How would you describe the repertoire you’ll be performing, and with which of the composers do you identify most and why?
Normally I perform a French repertoire because I feel it with great passion, but this time I wanted to do something different, so I’ll be performing a Germanic repertoire. Specifically, I’ve chosen Hugo Wolf’s Mörike Lieder, because I think they form an amazing piece. It’s also a very valuable experience for my career, because there are lots of aspects that require work, both technically and personally, since the texts are very philosophical and you need to have a good understanding of what they mean to be able to communicate it. And I only started exploring this work by Wolf a few years ago, relatively recently. It’s the same with Schumann and his Gedichte der Königin Maria Stuart, with the letters to Queen Elizabeth: it’s five songs that require a lot of work, because they talk about her feelings at a time when she knows she’s going to die.

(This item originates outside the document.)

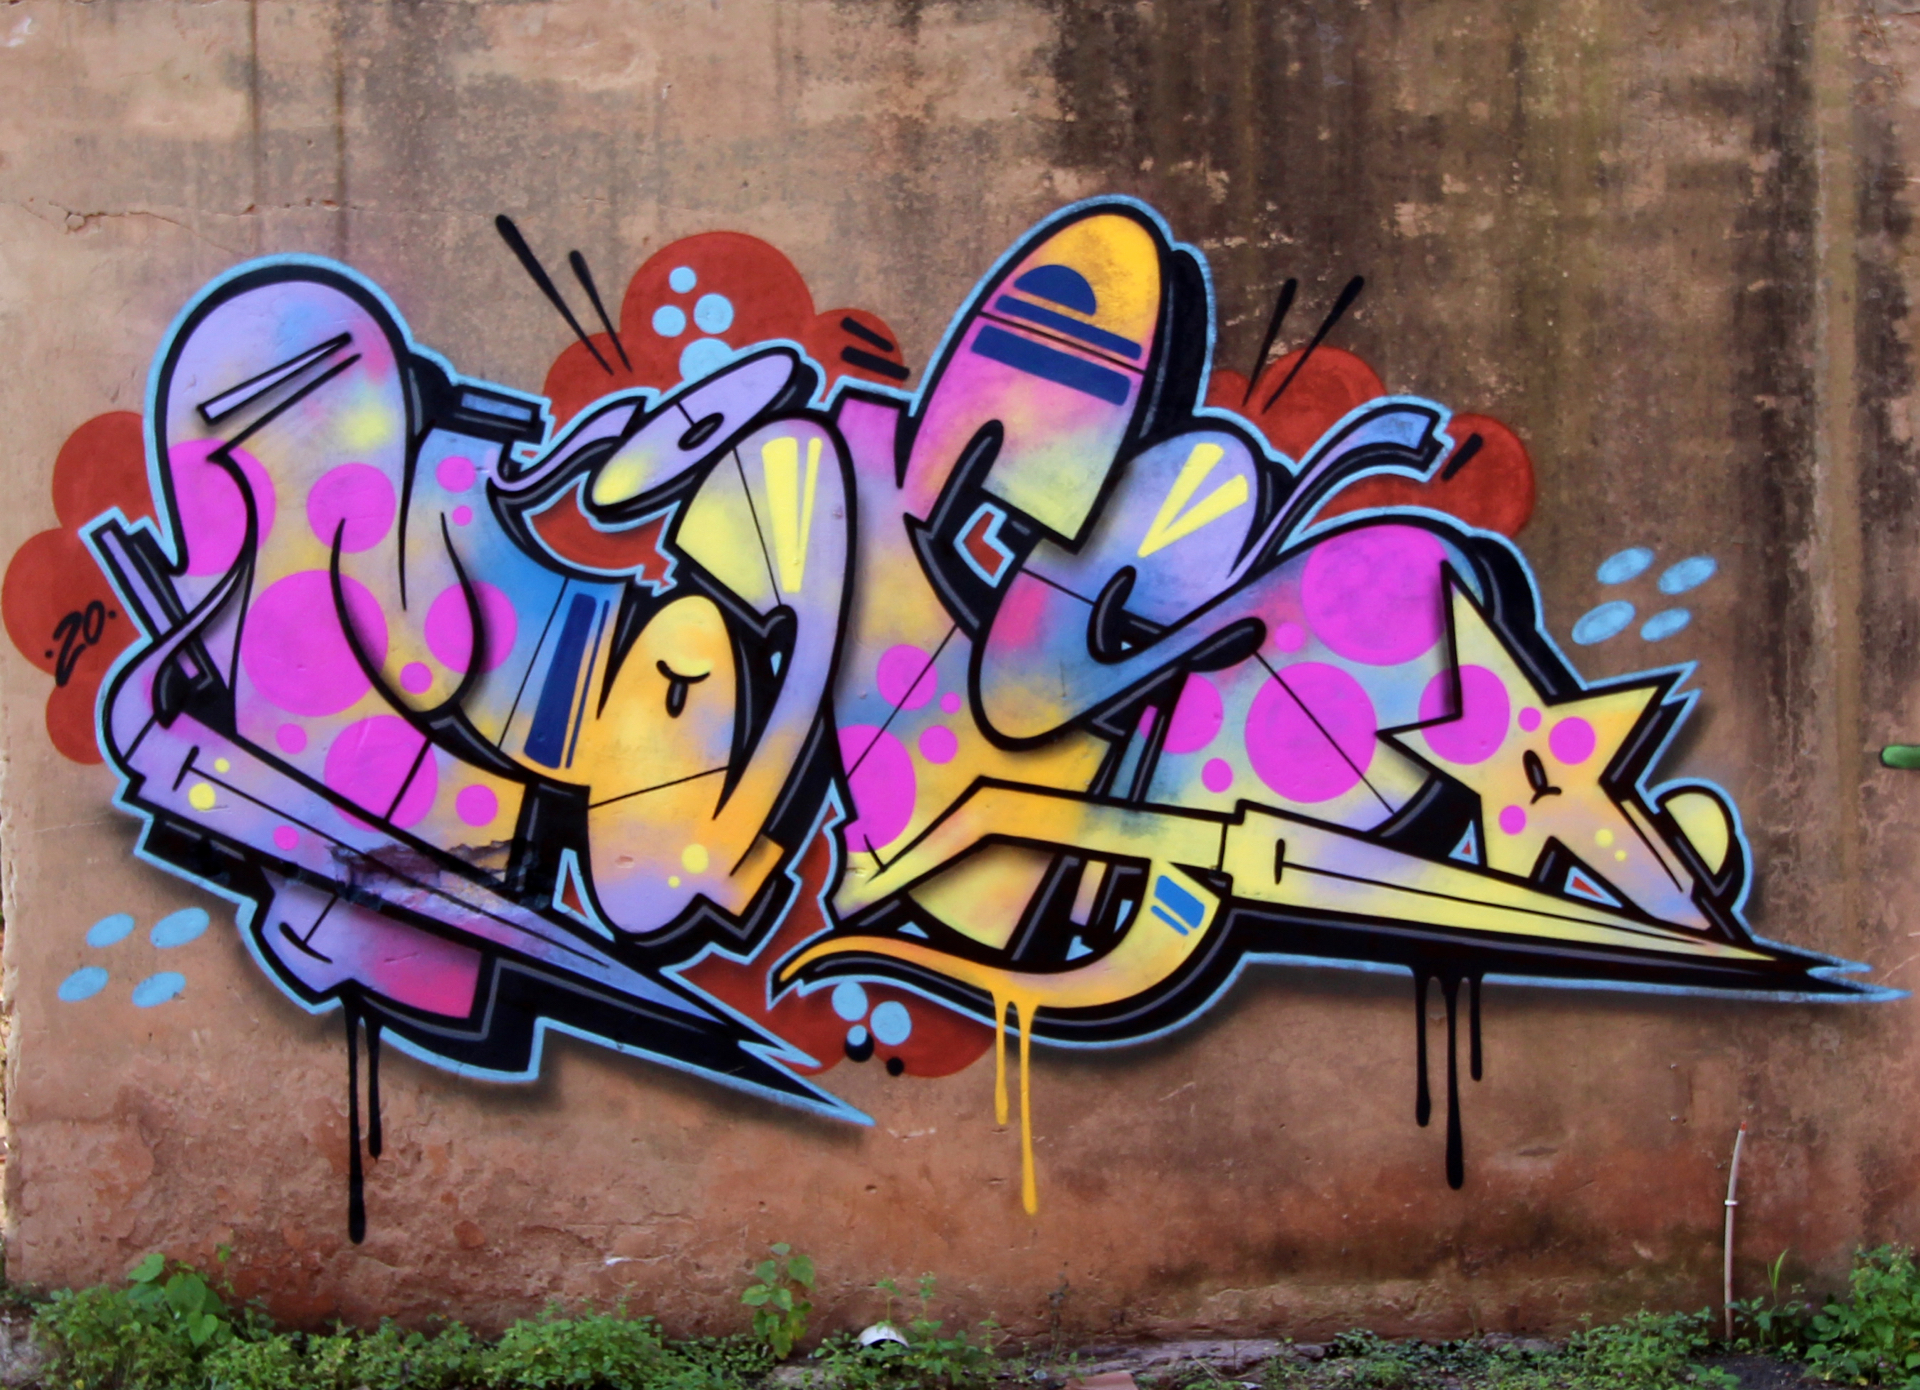 Mars - Artisti Graffiti

I’ve chosen Dvořák for the second part, because I feel like an ambassador for this music. I can sing in Czech, my mother tongue, and that makes me feel really lucky. I try to include Czech music in many of my recitals.
As for the music of Schönberg, the cabaret songs may sometimes sound a bit strange to the audience, who may think it’s modern music. They were written when the composer was working in a bar and they’re typical cabaret songs, very melodic and fun, but with amazing harmony. Although they may sound like very modern pieces, they’re totally classic. They make it possible to show a happier feeling than the depressive tone of the first part. The second part is less dramatic.
Is singing lied important for a soprano’s career?
I think that nowadays, young singers don’t pay attention to this genre and they only focus on wanting to sing opera, because opera is more glamorous, you sing in front of large audiences, you earn more money and everything is on a bigger scale. I think it’s a mistake to focus so much on opera, because it’s very important to know how to do lied recitals, mini operas, and to work with poetic texts that are fantastic and that you often don’t find in opera texts. Opera librettos are good, of course, but they’re not interpretations of unique poems like lied. It’s important for young voices to learn to work without being accompanied by large orchestras. Lied often commands more respect, because you don’t have staging or the help of the wardrobe, just a piano and your voice. Lied is pure. You also perform in front of a smaller audience. And audience should understand lied as well, because audiences want to see big shows and it’s necessary to educate them with other repertoires and formats. Unfortunately, there aren’t lots of people who follow lied recitals, but I again insist that it’s very important to know how to sing without a director or orchestra and just with piano accompaniment. In lied recitals, you have to be purely artistic and give the best of yourself.
What does it mean to you to have Mitsuko Uchida as piano accompanist?
We’ve been performing together for years now and I think she’s one of the best pianists around today. She grew up in Vienna and has a very direct relationship with German lied and knows the repertoire well. This means that although she doesn’t sing, she understands the texts perfectly because she speaks German and she’s a lied lover. The collaboration is a pleasure for me; we’ve worked several times with other programmes.
What do you think about the Palau de la Música Catalana? And Barcelona?
The Palau is beautiful. I like the country in general. I live in Germany and you know that Germans live to work, while you, on the other hand, work to live. You’re people who take advantage of life and enjoy it. The audience always makes me feel at home and I can feel the warmth. I capture their enthusiasm and their kindness from the stage. It’s always wonderful.